Yikes! If you have any precious technology, stay far far away. At least it has seemed like I am cursed lately. Last night, I was tediously preparing my lessons for the week, enthralled by the idea that I might get the whole week prepped and not have to stress all week long.
That's when it happened! My external harddrive, my precious little passport, simply stopped functioning while I was accessing a file.
|My sweet little holder of every important file I own|
I thought maybe a simple computer restart would do--no worries... It didn't work. Then I thought maybe a simple "unplug--wait 30 seconds--plug back in" would do--a little worried... It didn't work. Then I thought maybe it was my computer because it has always seemed buggy unlike my sweet little passport. I thought maybe a simple plug it in another computer would do--quite concerned now... It didn't work.

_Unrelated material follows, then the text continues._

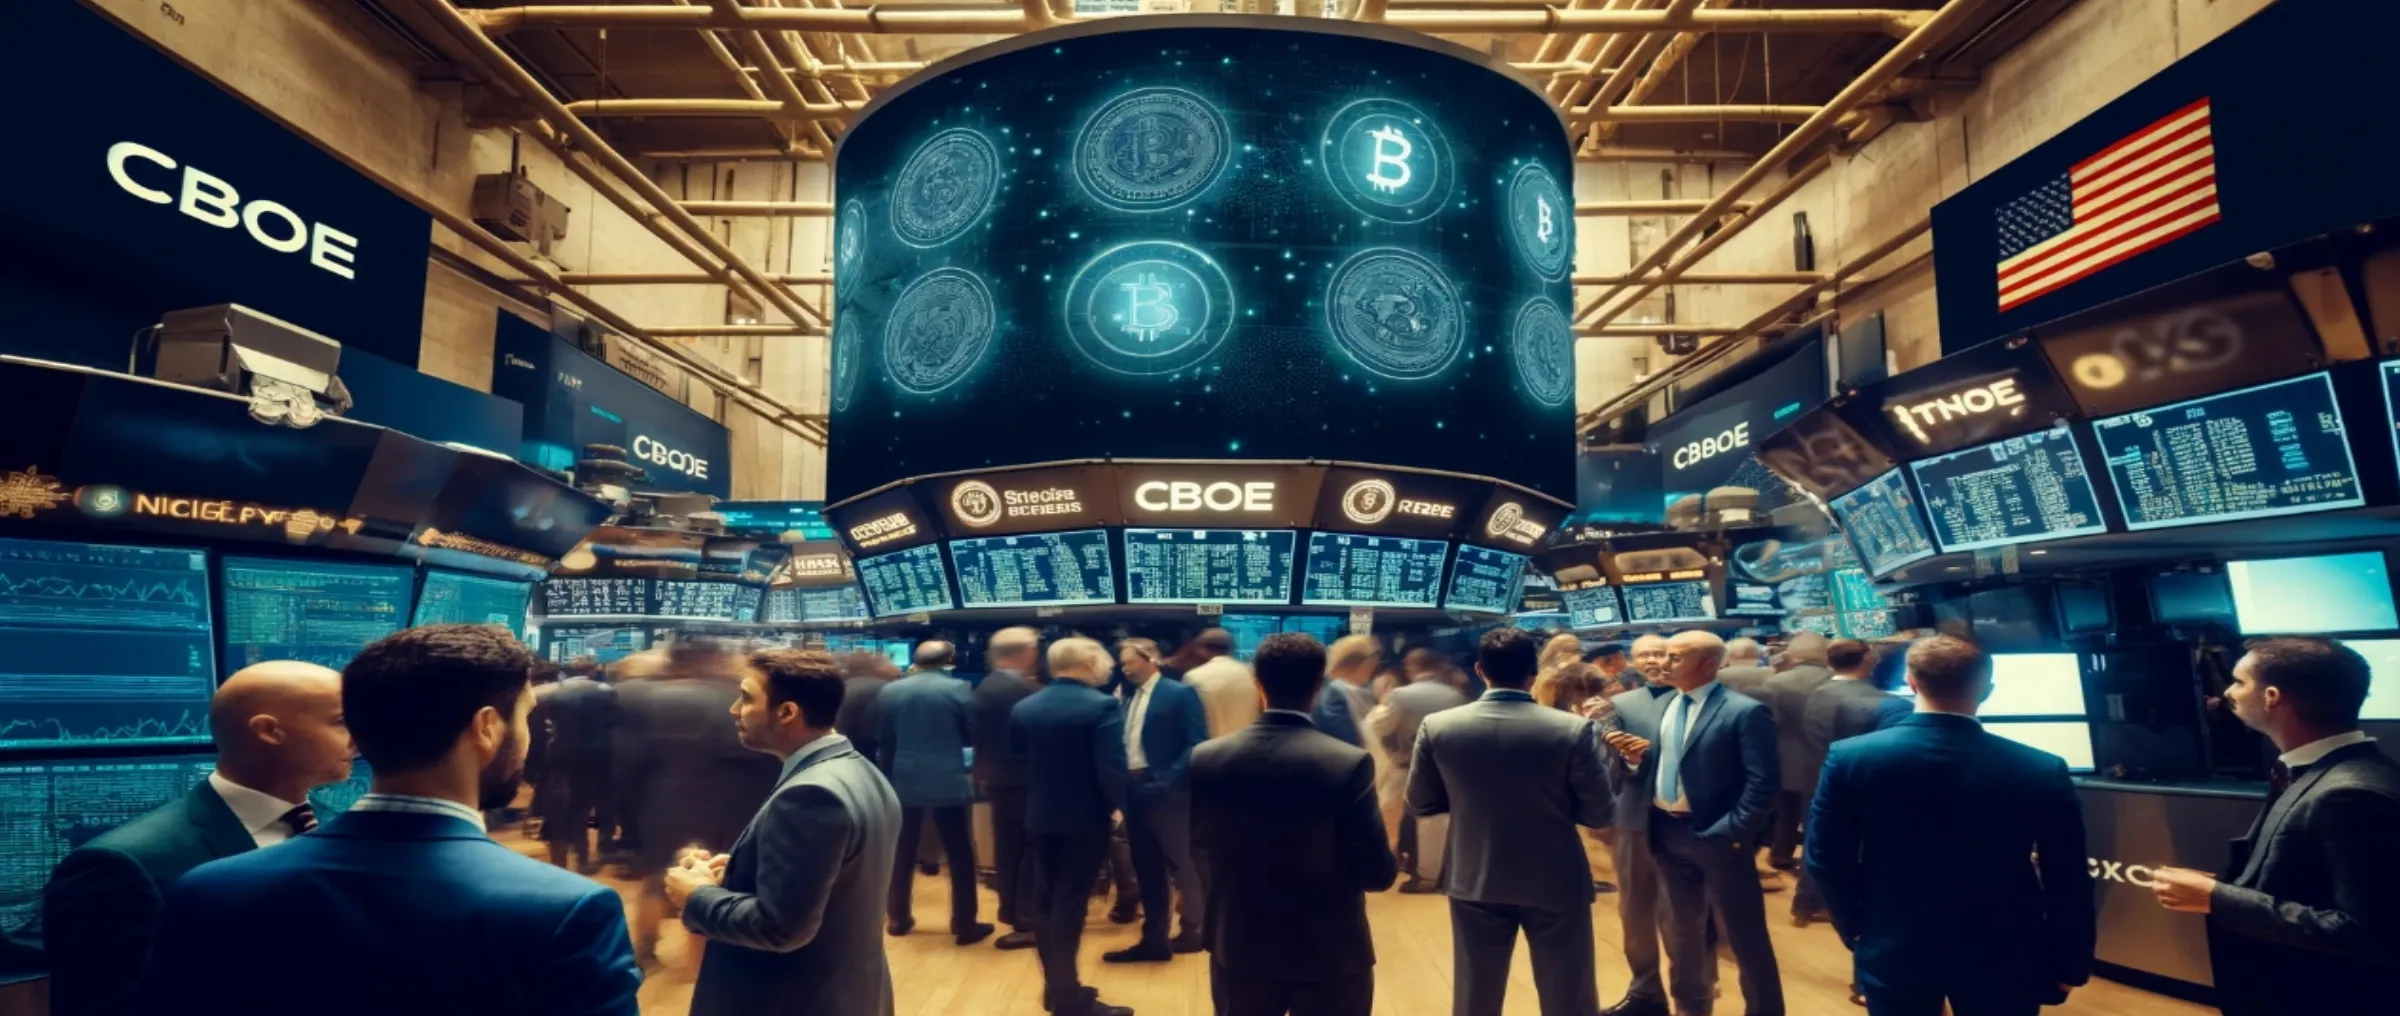 The Cboe Stock Exchange is going to stop trading cryptocurrencies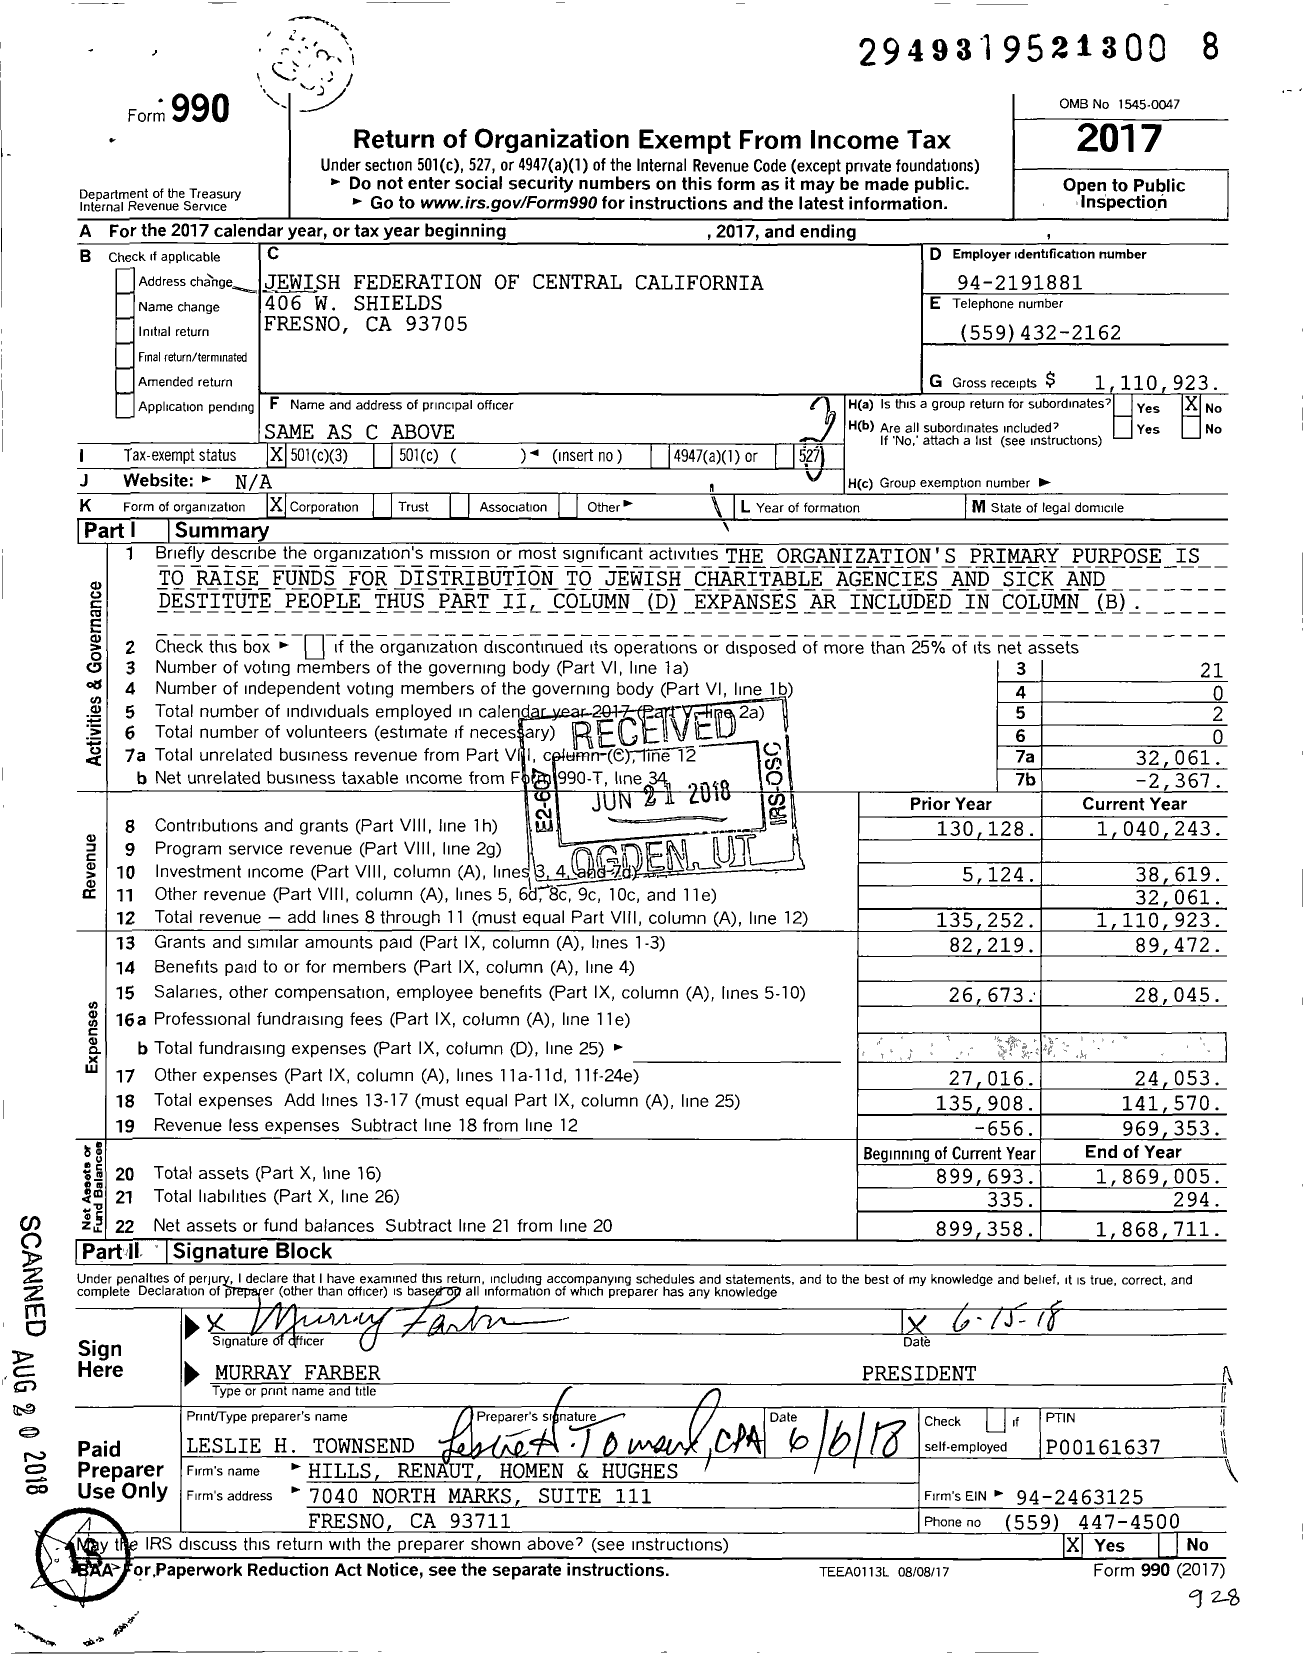 Image of first page of 2017 Form 990 for Jewish Federation of Central California

That's when the tears came, and in a flood, they gushed.
|This was totally me.|
I was tired and ready to go to bed and then this! I spent the next hour re-prepping the bare minimum for Monday with tears flowing down. D is so sweet; he spent this entire hour trying to do whatever he could to try to fix the hard drive with no luck. I finally went to bed, feeling quite down about having to be at school at 6:30 to finish prepping for the day by accessing files I only had on my school computer (and the poor broken passport). I arrived at school today feeling pretty down, and then... I went to turn on my computer! Attempt 1: Everything on the screen is zoomed in weird. I restart. Attempt 2: Everything seems normal until just after opening the print tab on the files I need copies of, it freezes! I restart. Attempt 3: The computer finally turns on and I get my first page printed at 7:05. Ugh! Be praying for my passport. Even after all of the trouble it has caused me, I want it to survive. I have years of photos that wouldn't fit on my netbook on there. If I lose those files, I will only have Facebook quality versions of these photos.
Okay so I hope you feel sorry for me and maybe think I am a little ridiculous, too. I realized by the end of today that, indeed, my life is not completely over (Last night, I was pretty convinced it was!), but I am still bummed. Hope your Monday was less manic than mine!